**What to work on:**
Repeat each line of the data below exactly, but skip the pictures.

**The data:**
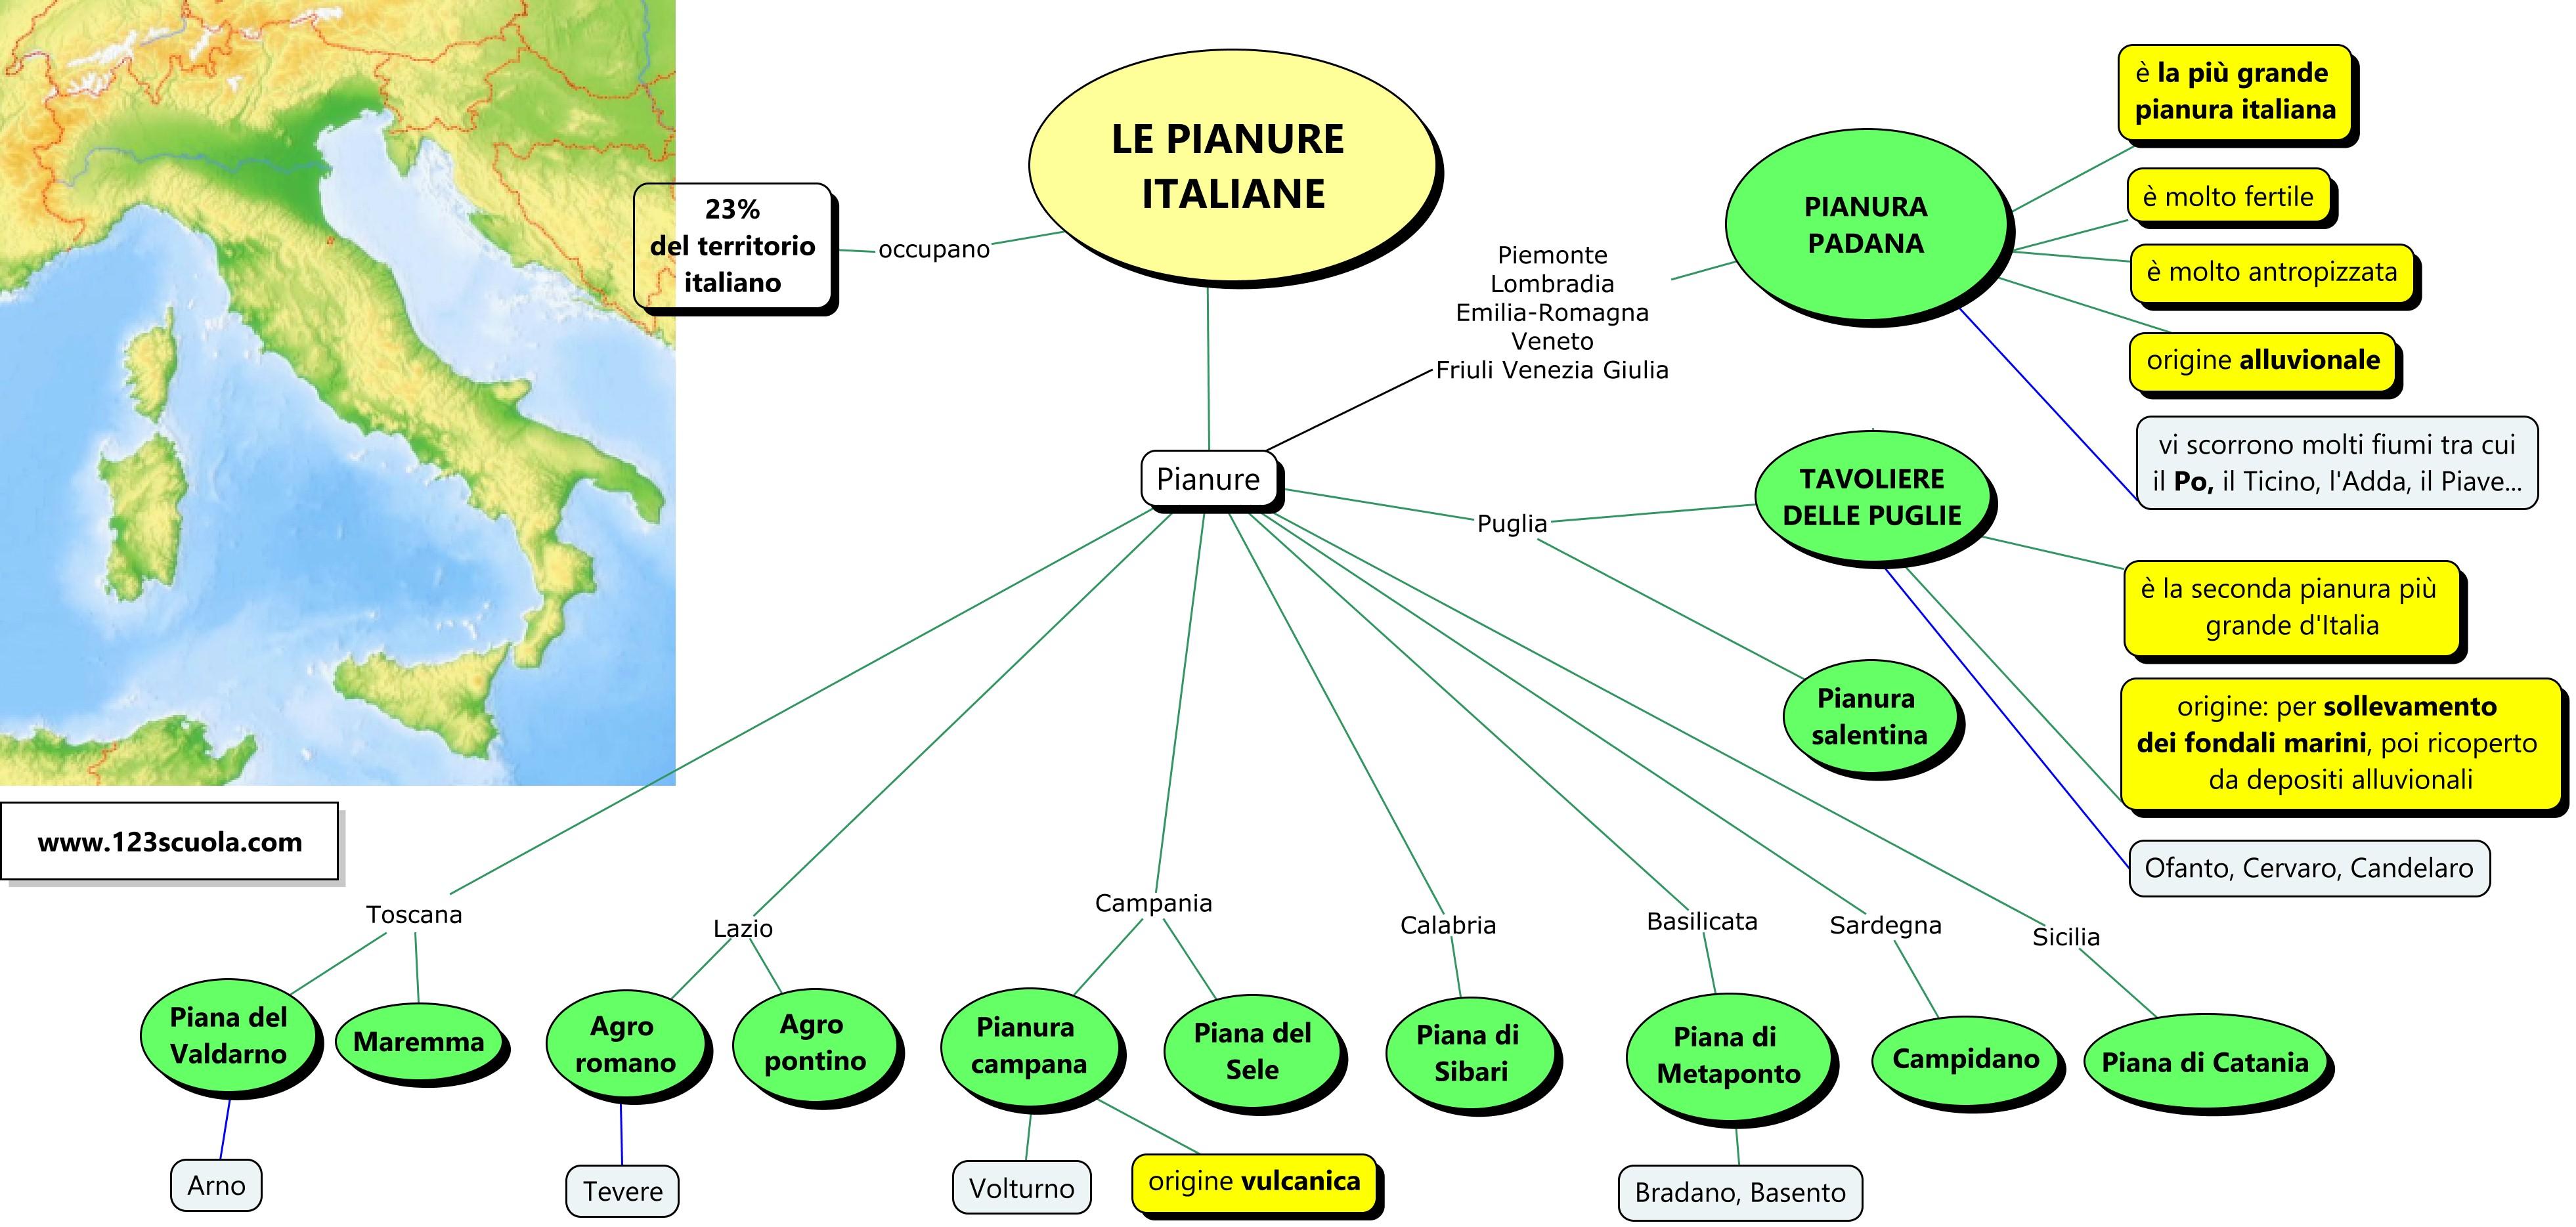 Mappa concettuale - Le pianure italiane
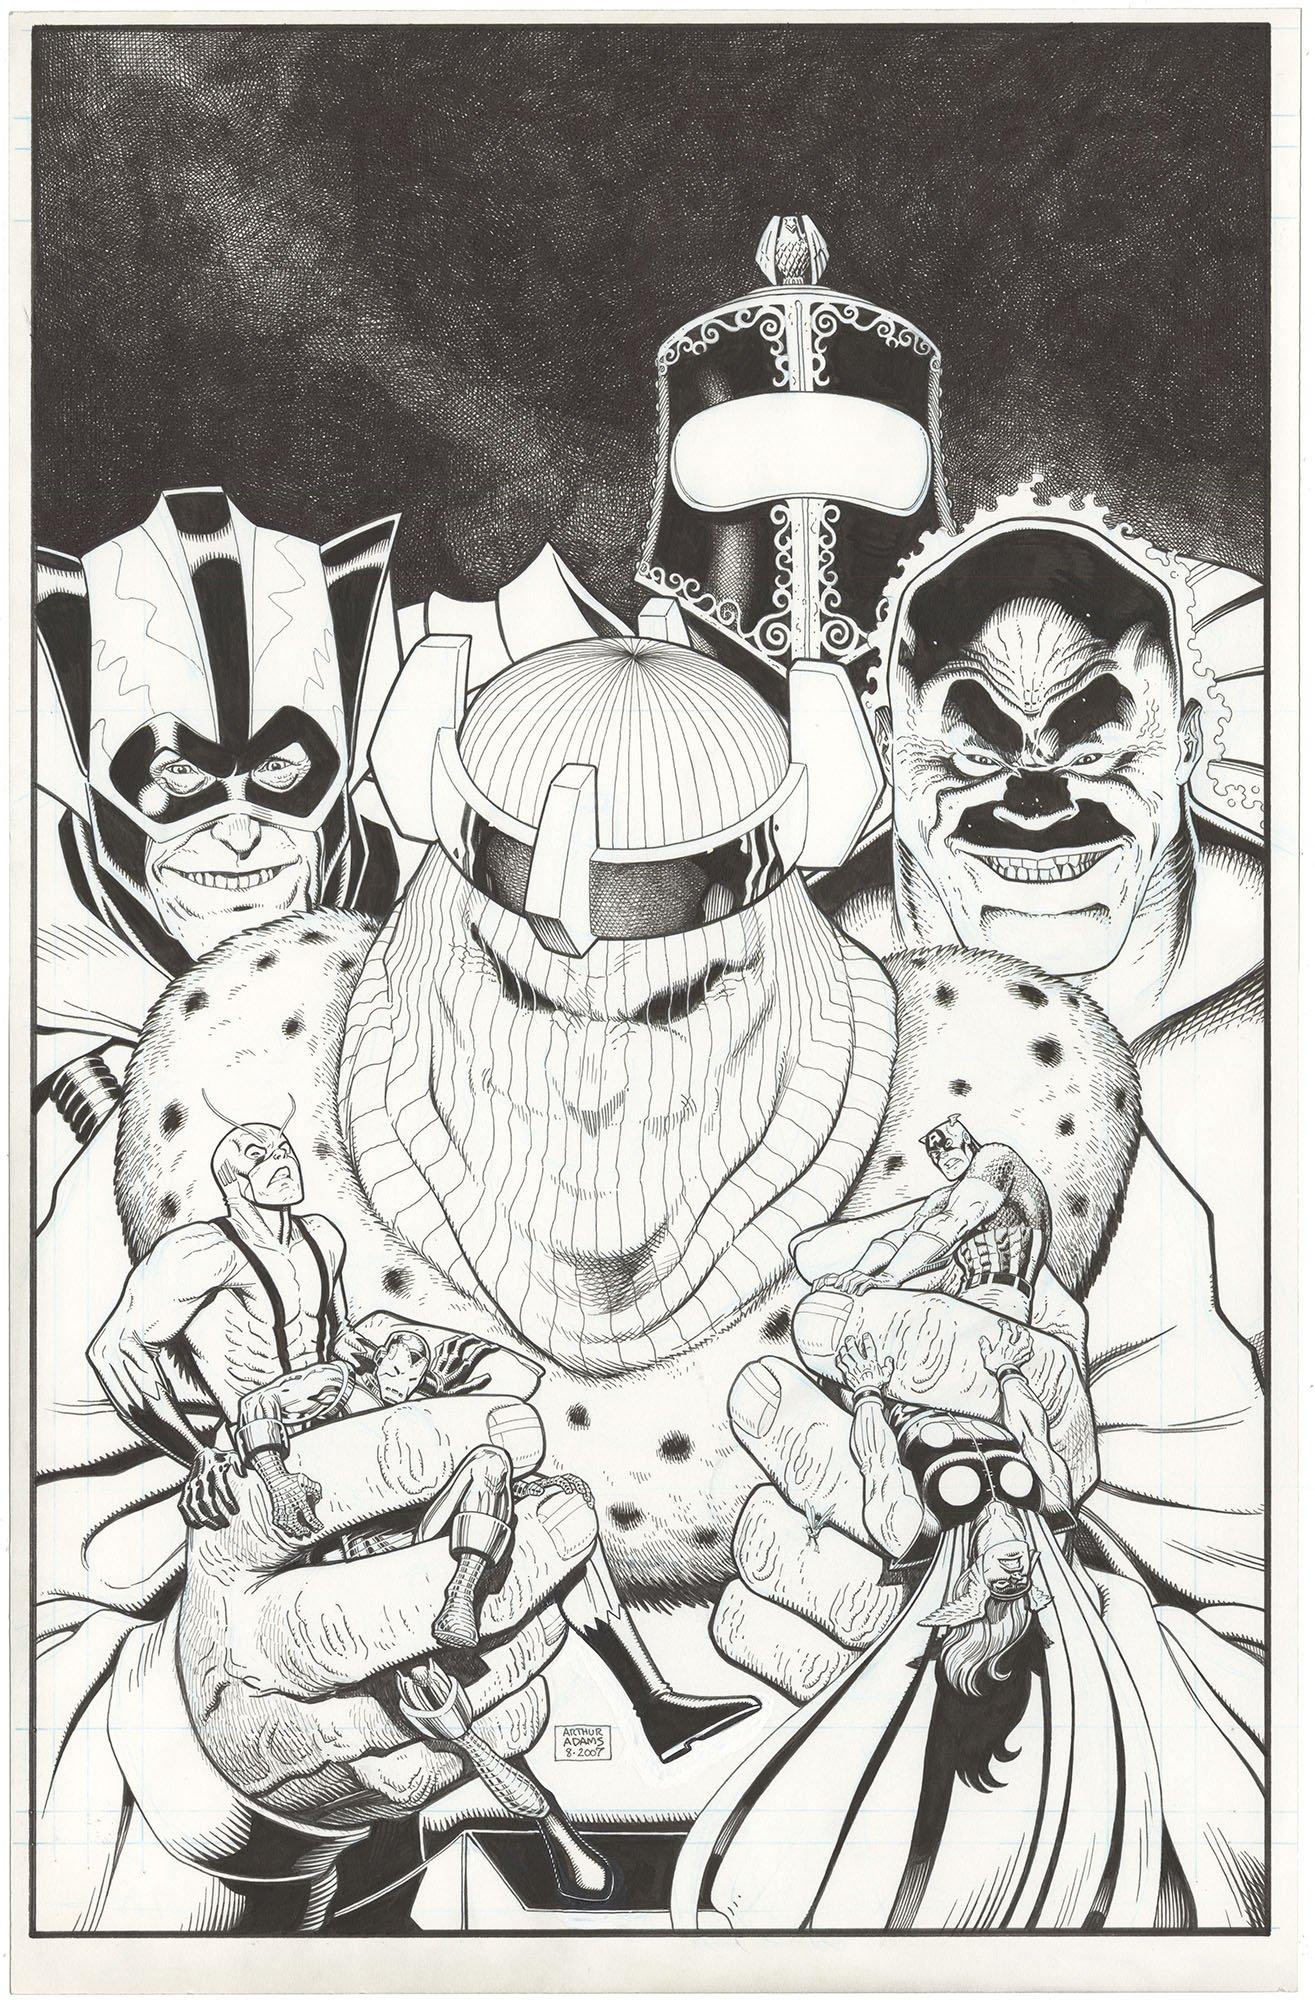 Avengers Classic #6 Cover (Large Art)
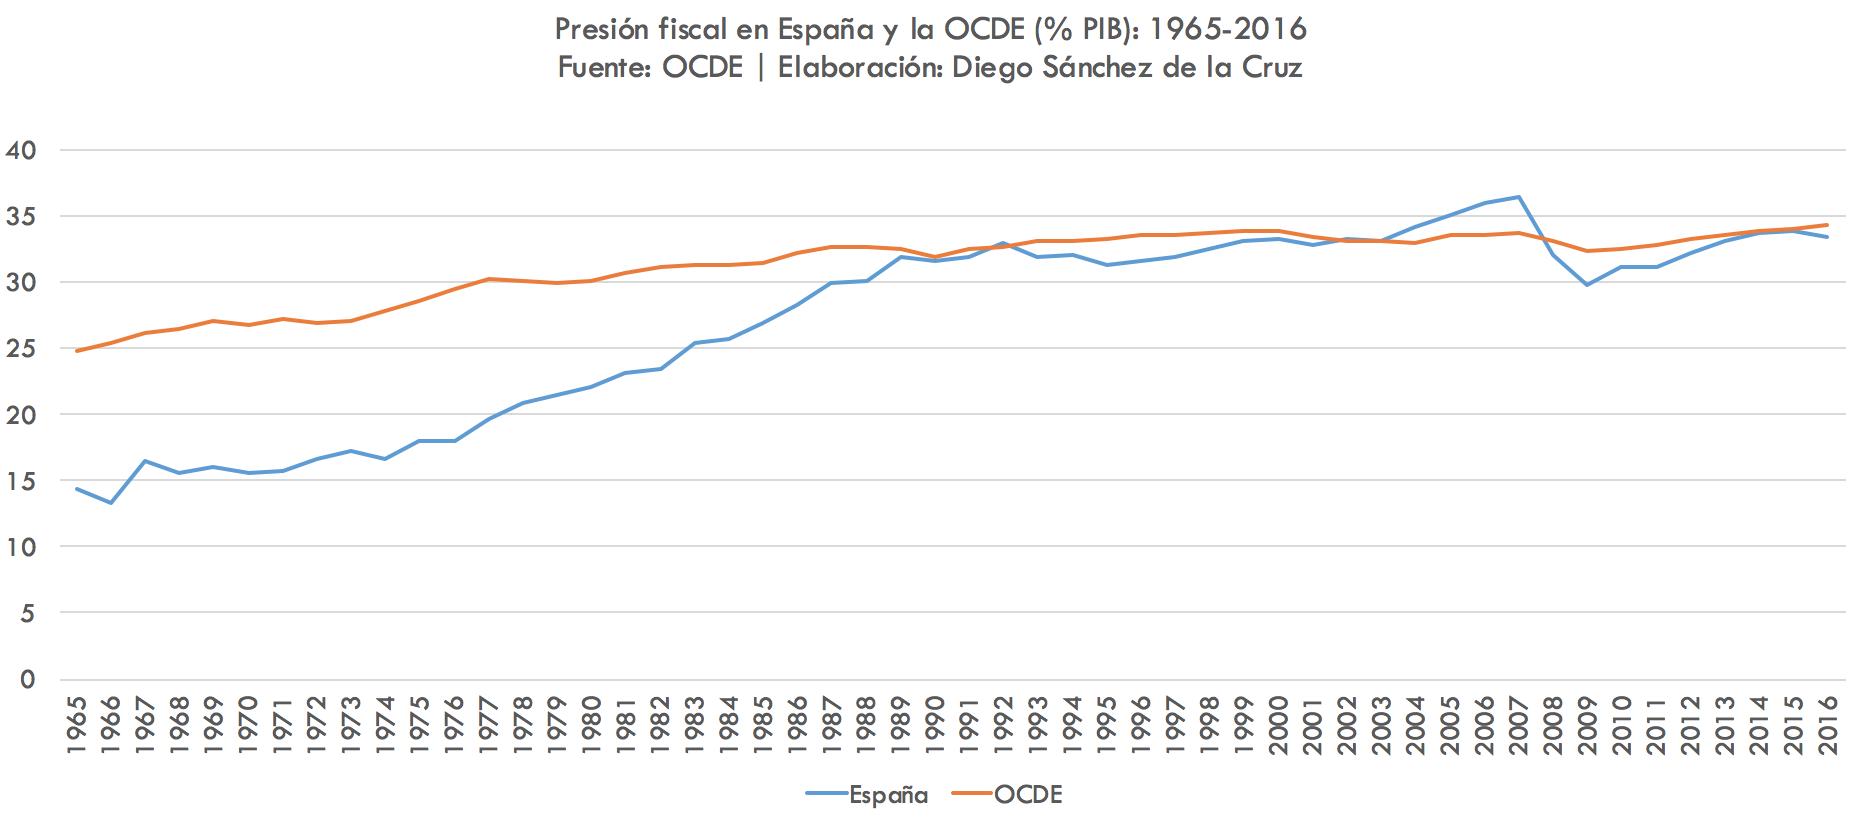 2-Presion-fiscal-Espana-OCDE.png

**Task response:**
 Mappa concettuale - Le pianure italiane
 Avengers Classic #6 Cover (Large Art)
 2-Presion-fiscal-Espana-OCDE.png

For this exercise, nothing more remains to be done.